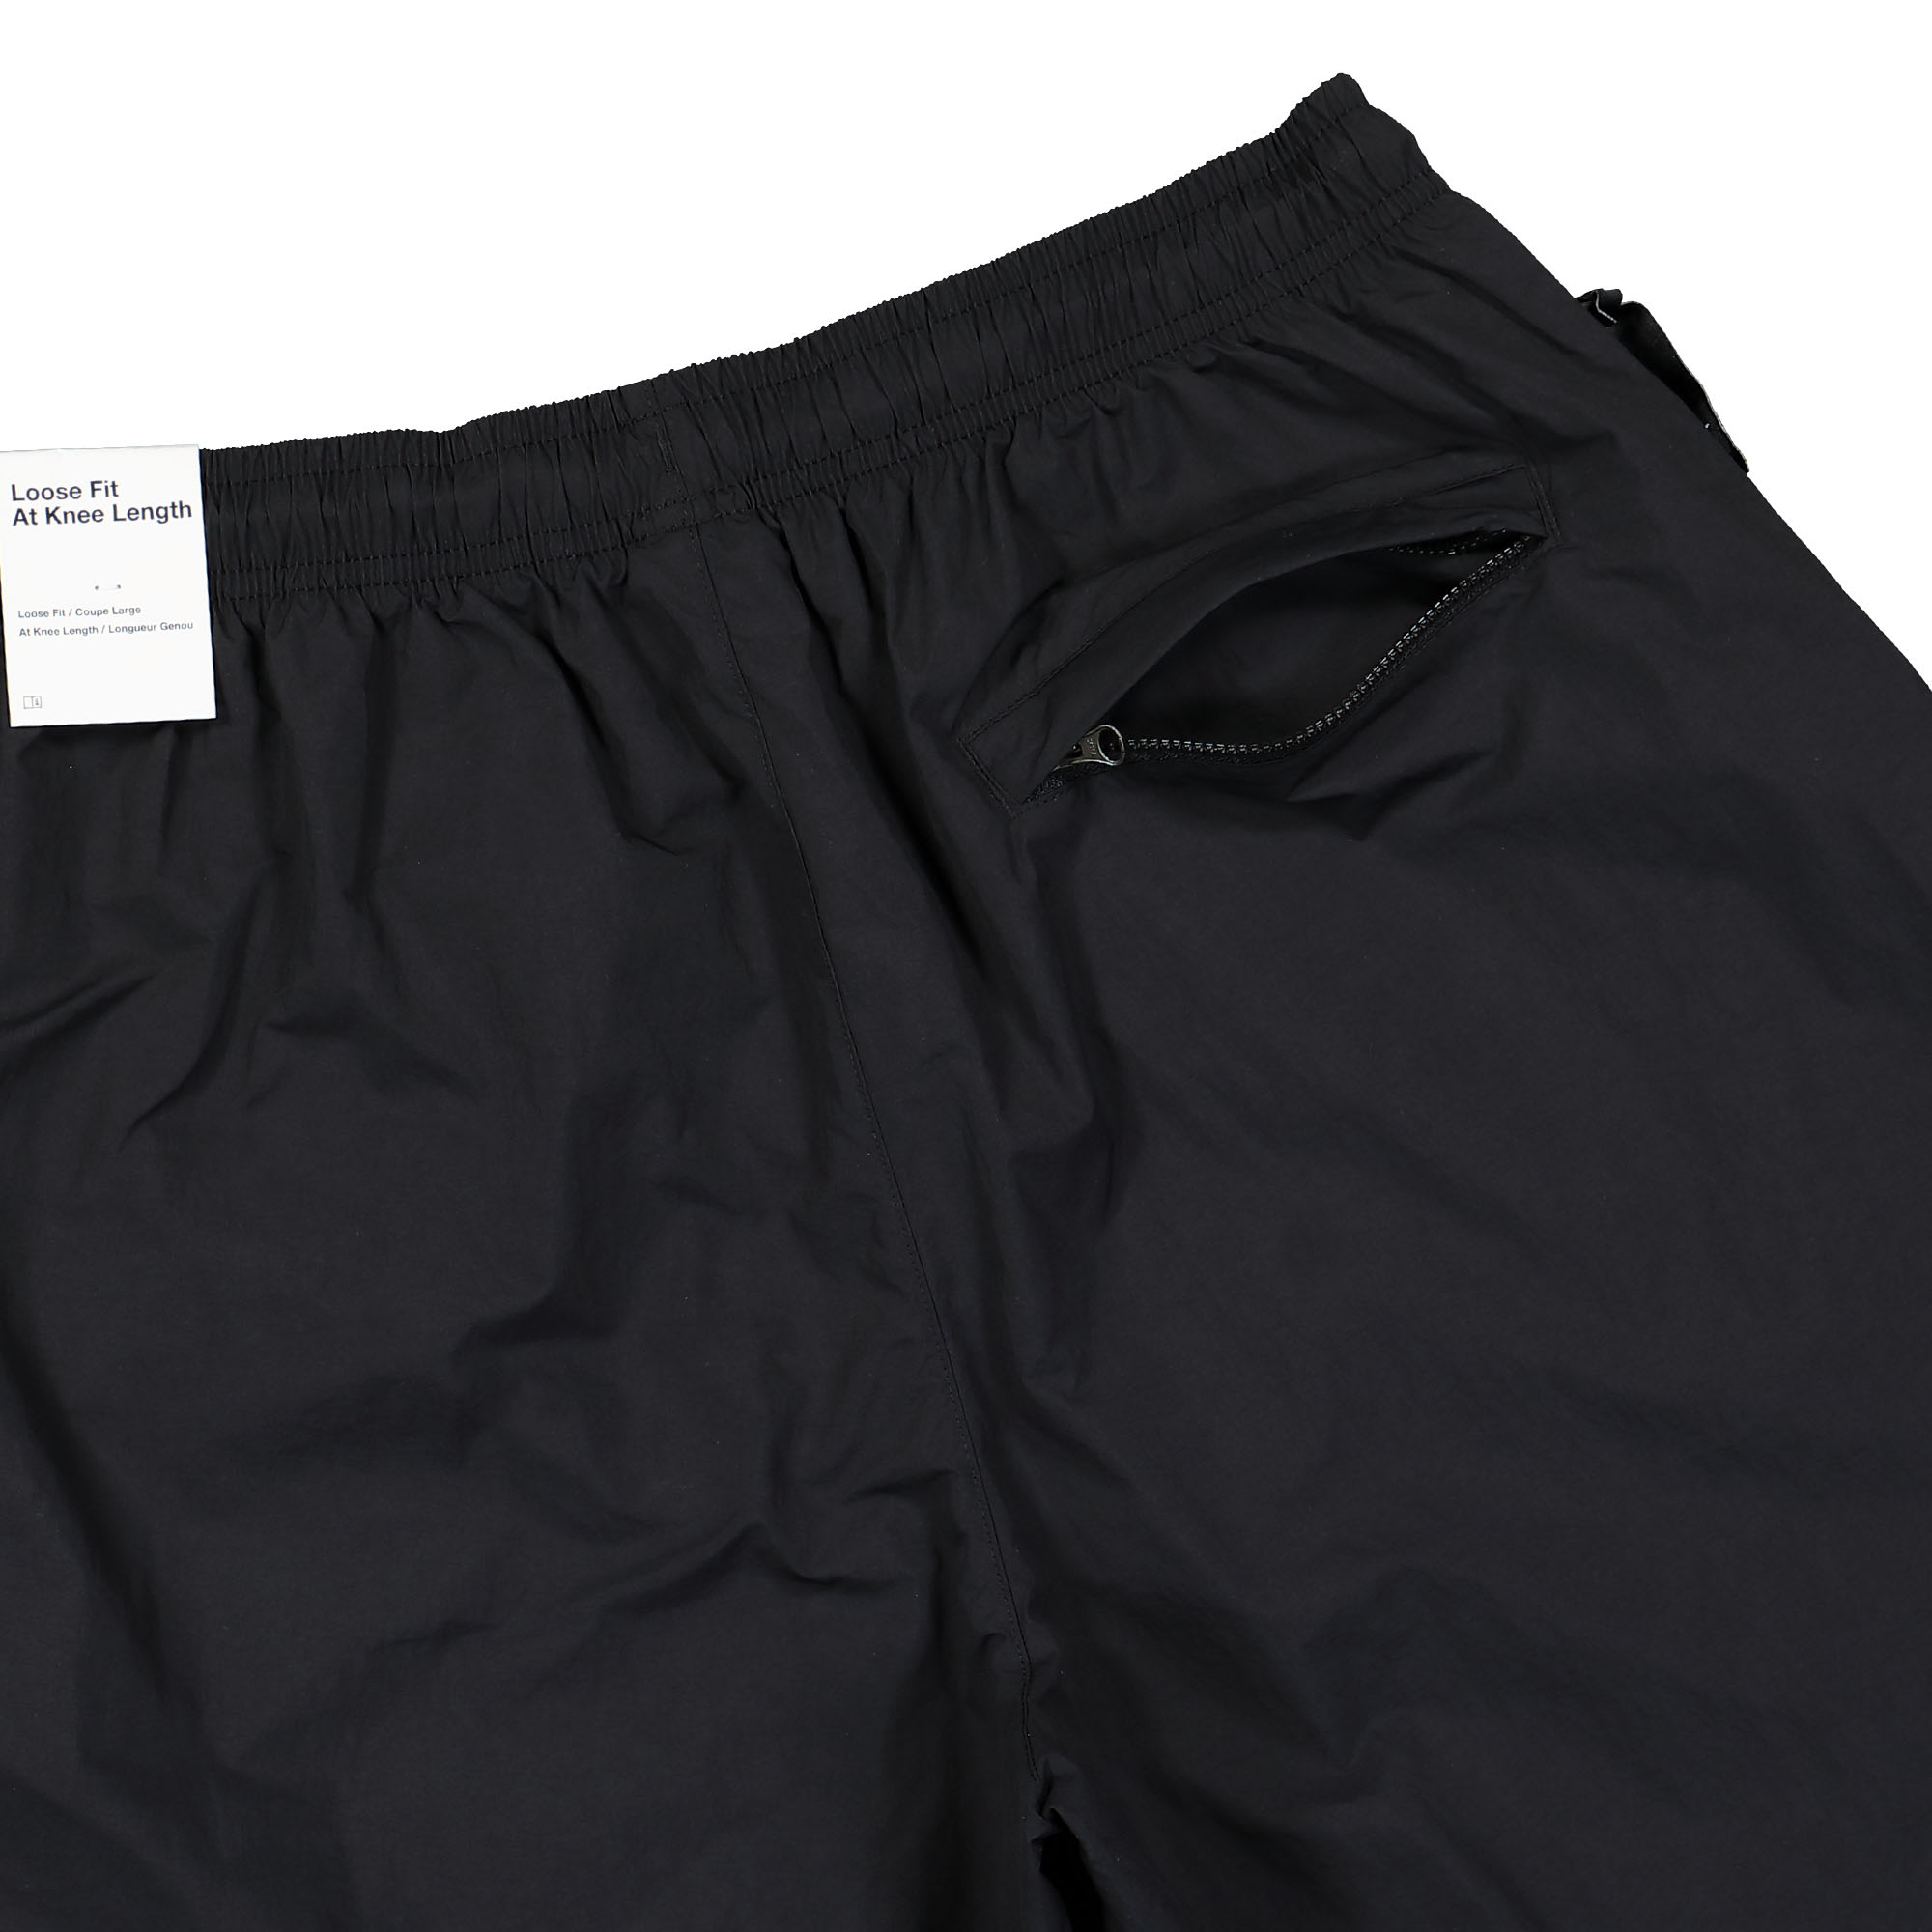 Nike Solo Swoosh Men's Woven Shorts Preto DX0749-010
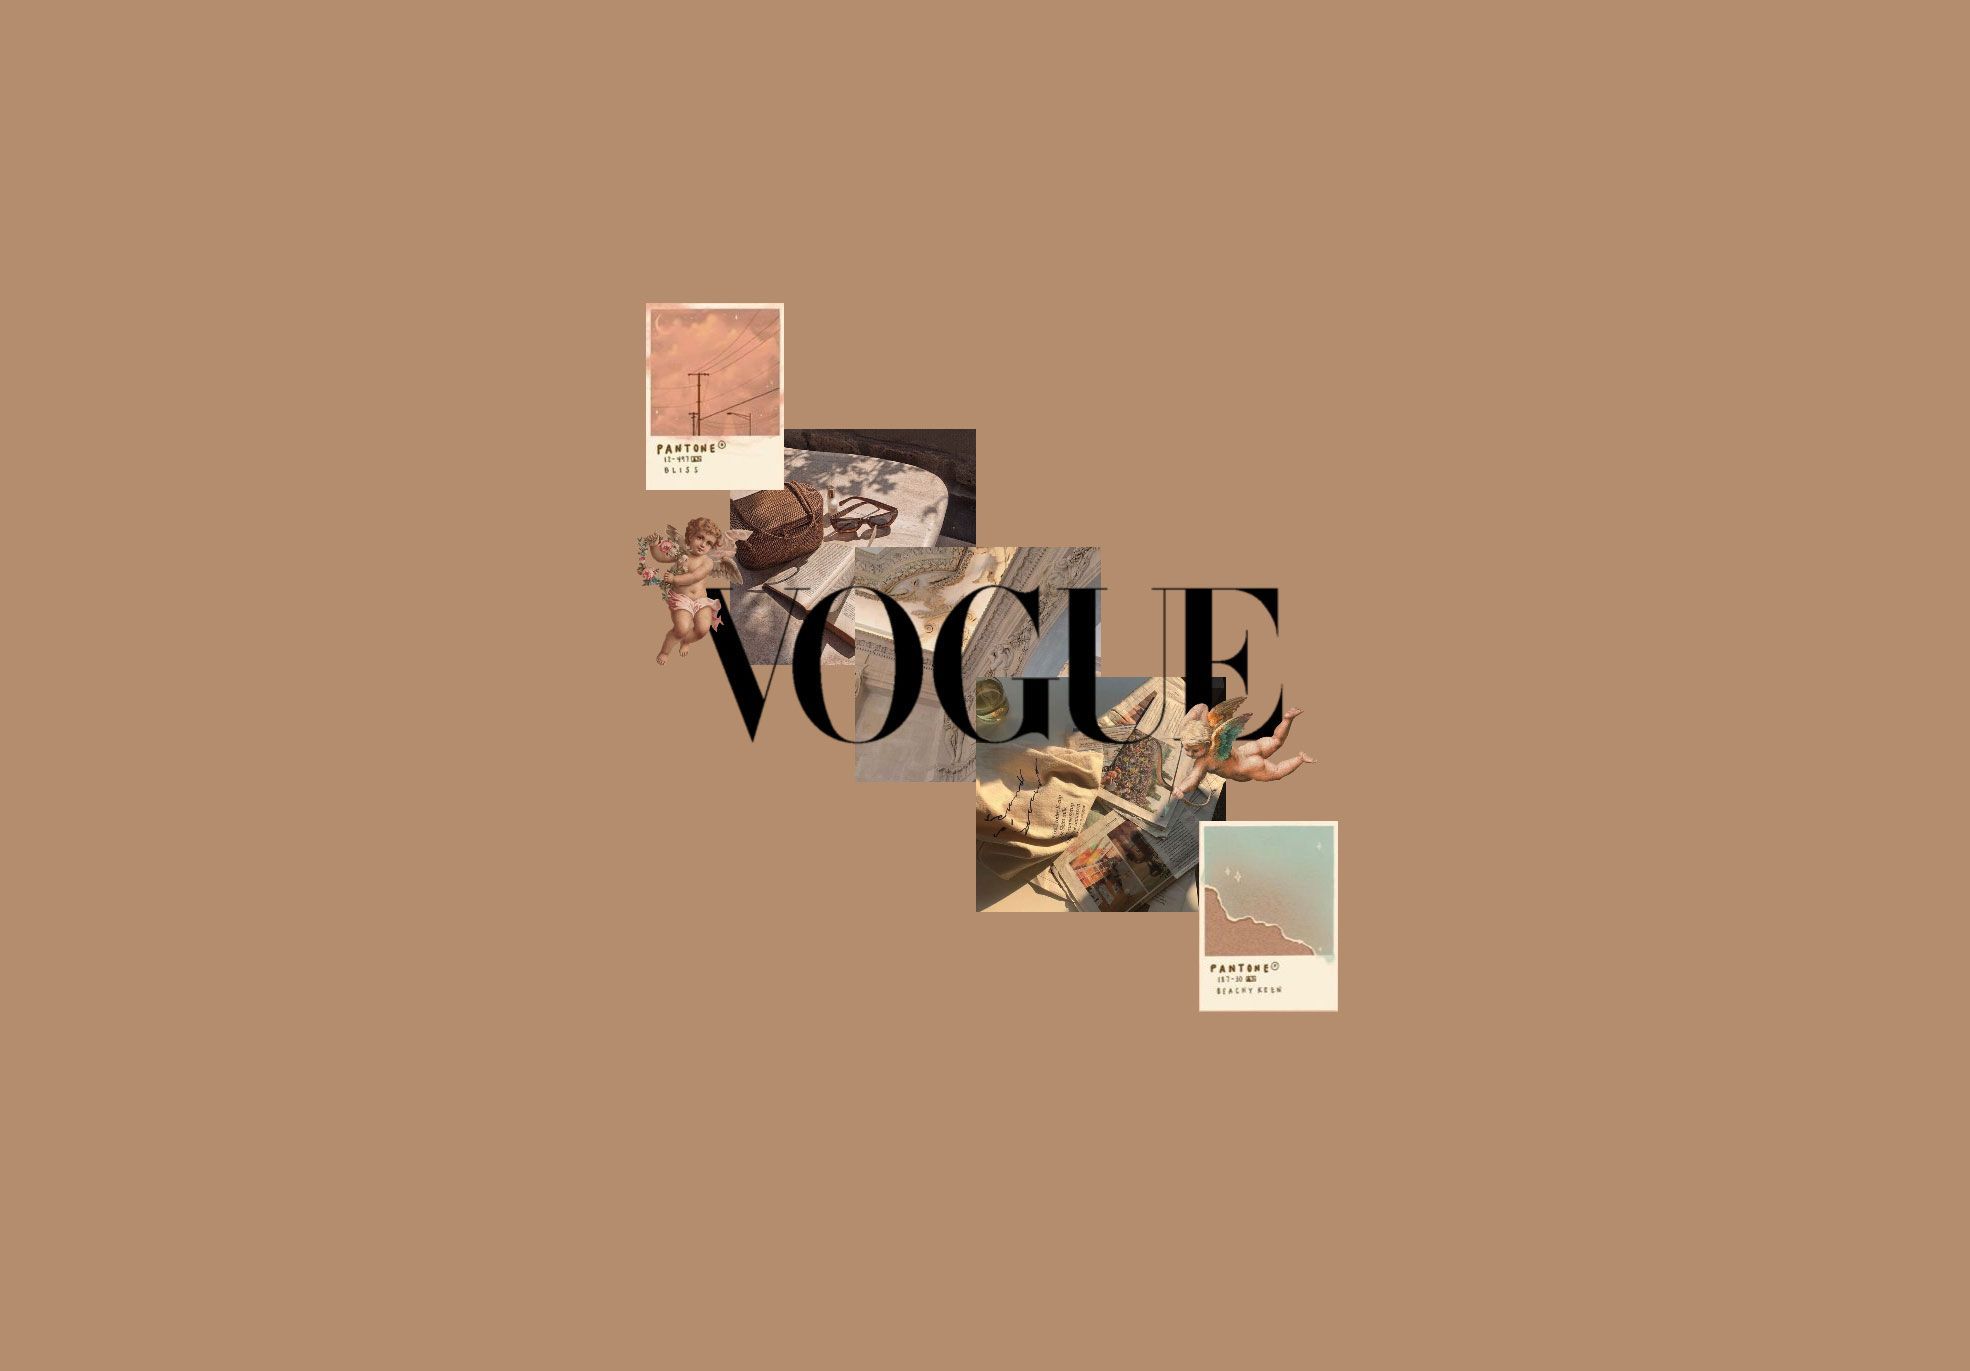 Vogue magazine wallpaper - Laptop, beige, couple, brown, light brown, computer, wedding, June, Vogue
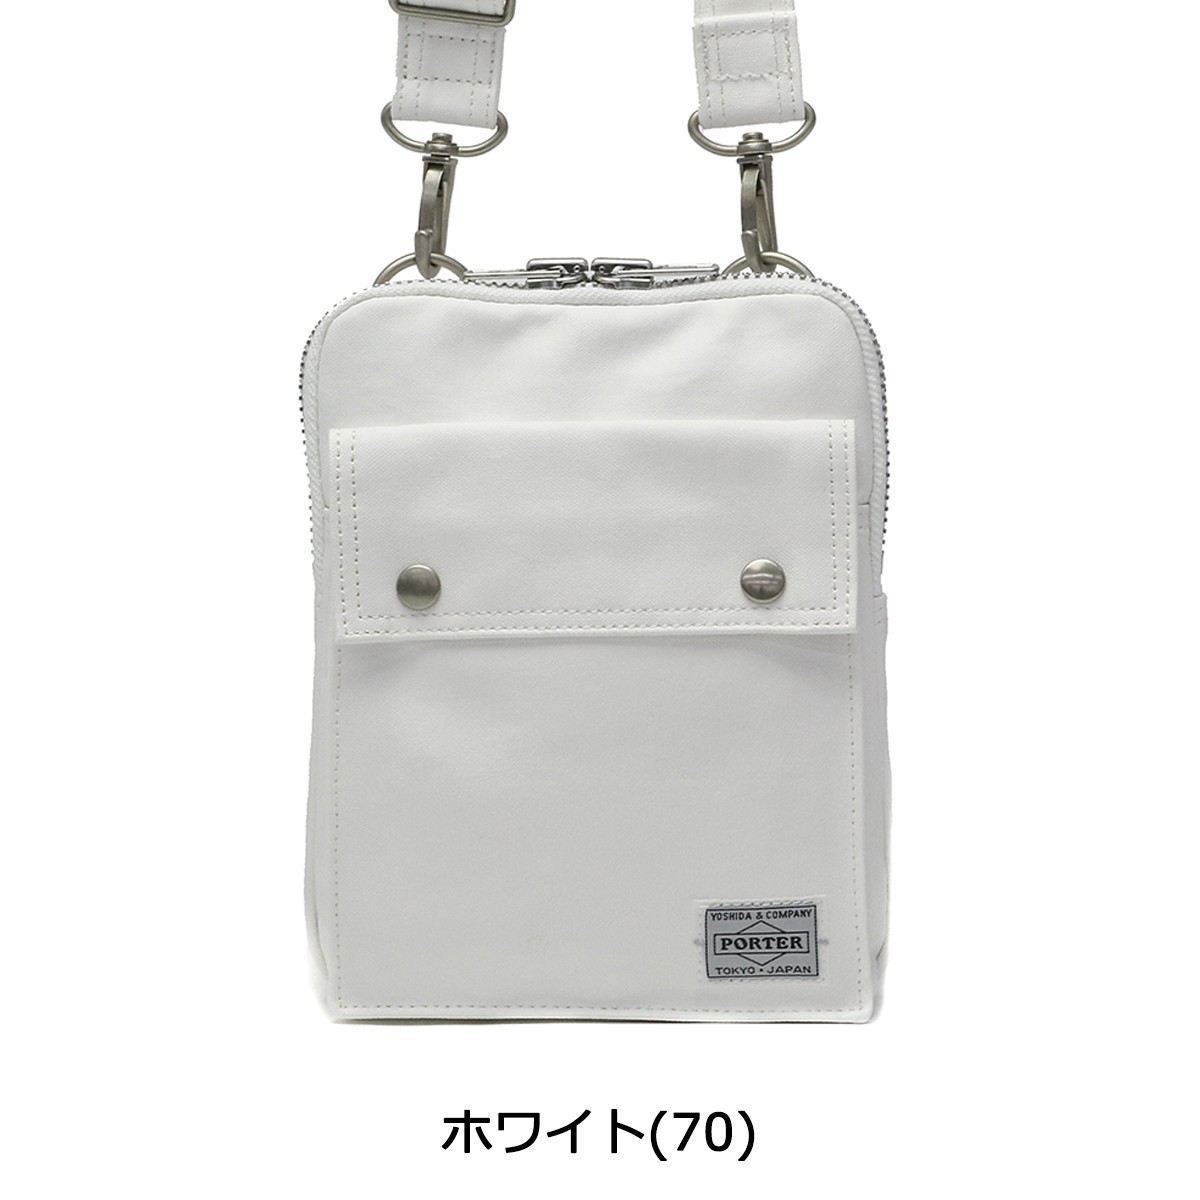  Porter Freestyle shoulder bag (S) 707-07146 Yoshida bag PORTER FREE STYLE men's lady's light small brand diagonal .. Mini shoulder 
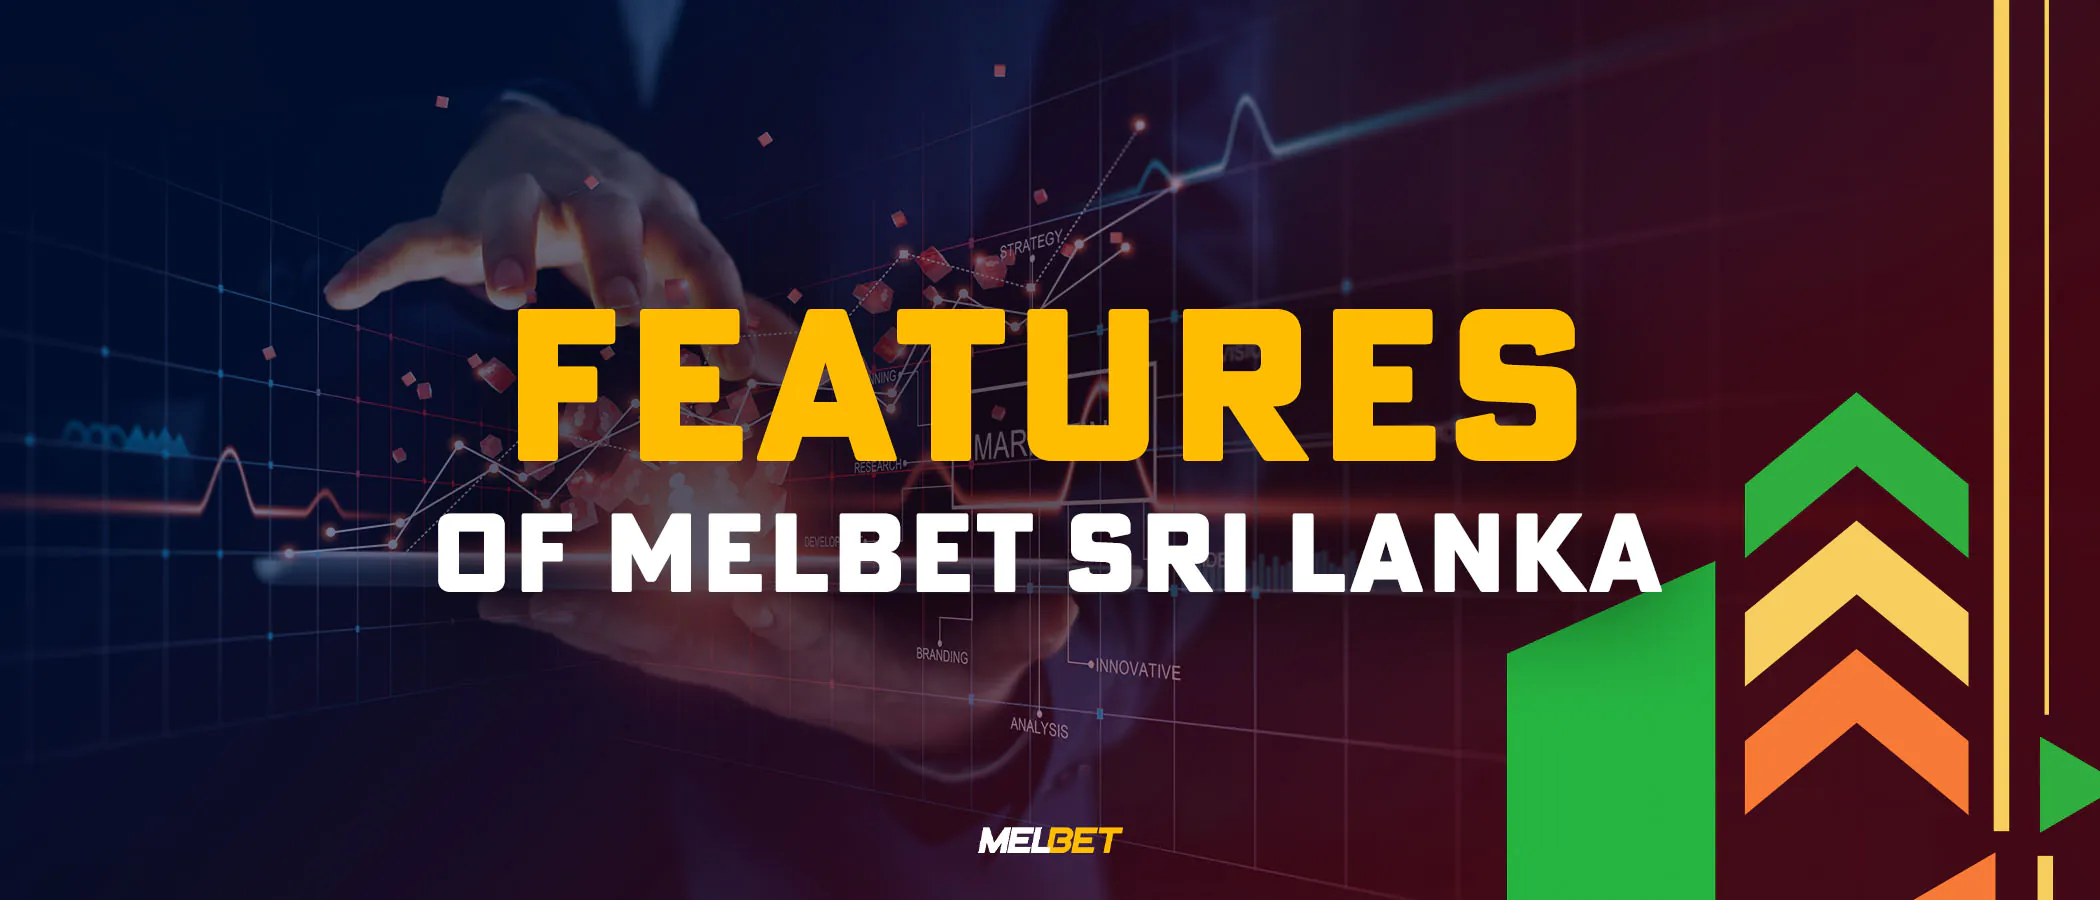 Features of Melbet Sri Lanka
※ ※ ※
* WHAT YOU ARE ASKED TO DO: The listing above should be repeated word for word, with every image left out.

* OUTPUT OF THE EXERCISE:
 Nike Solo Swoosh Men's Woven Shorts Preto DX0749-010
 Vogue magazine wallpaper - Laptop, beige, couple, brown, light brown, computer, wedding, June, Vogue
  Porter Freestyle shoulder bag (S) 707-07146 Yoshida bag PORTER FREE STYLE men's lady's light small brand diagonal .. Mini shoulder 
 Features of Melbet Sri Lanka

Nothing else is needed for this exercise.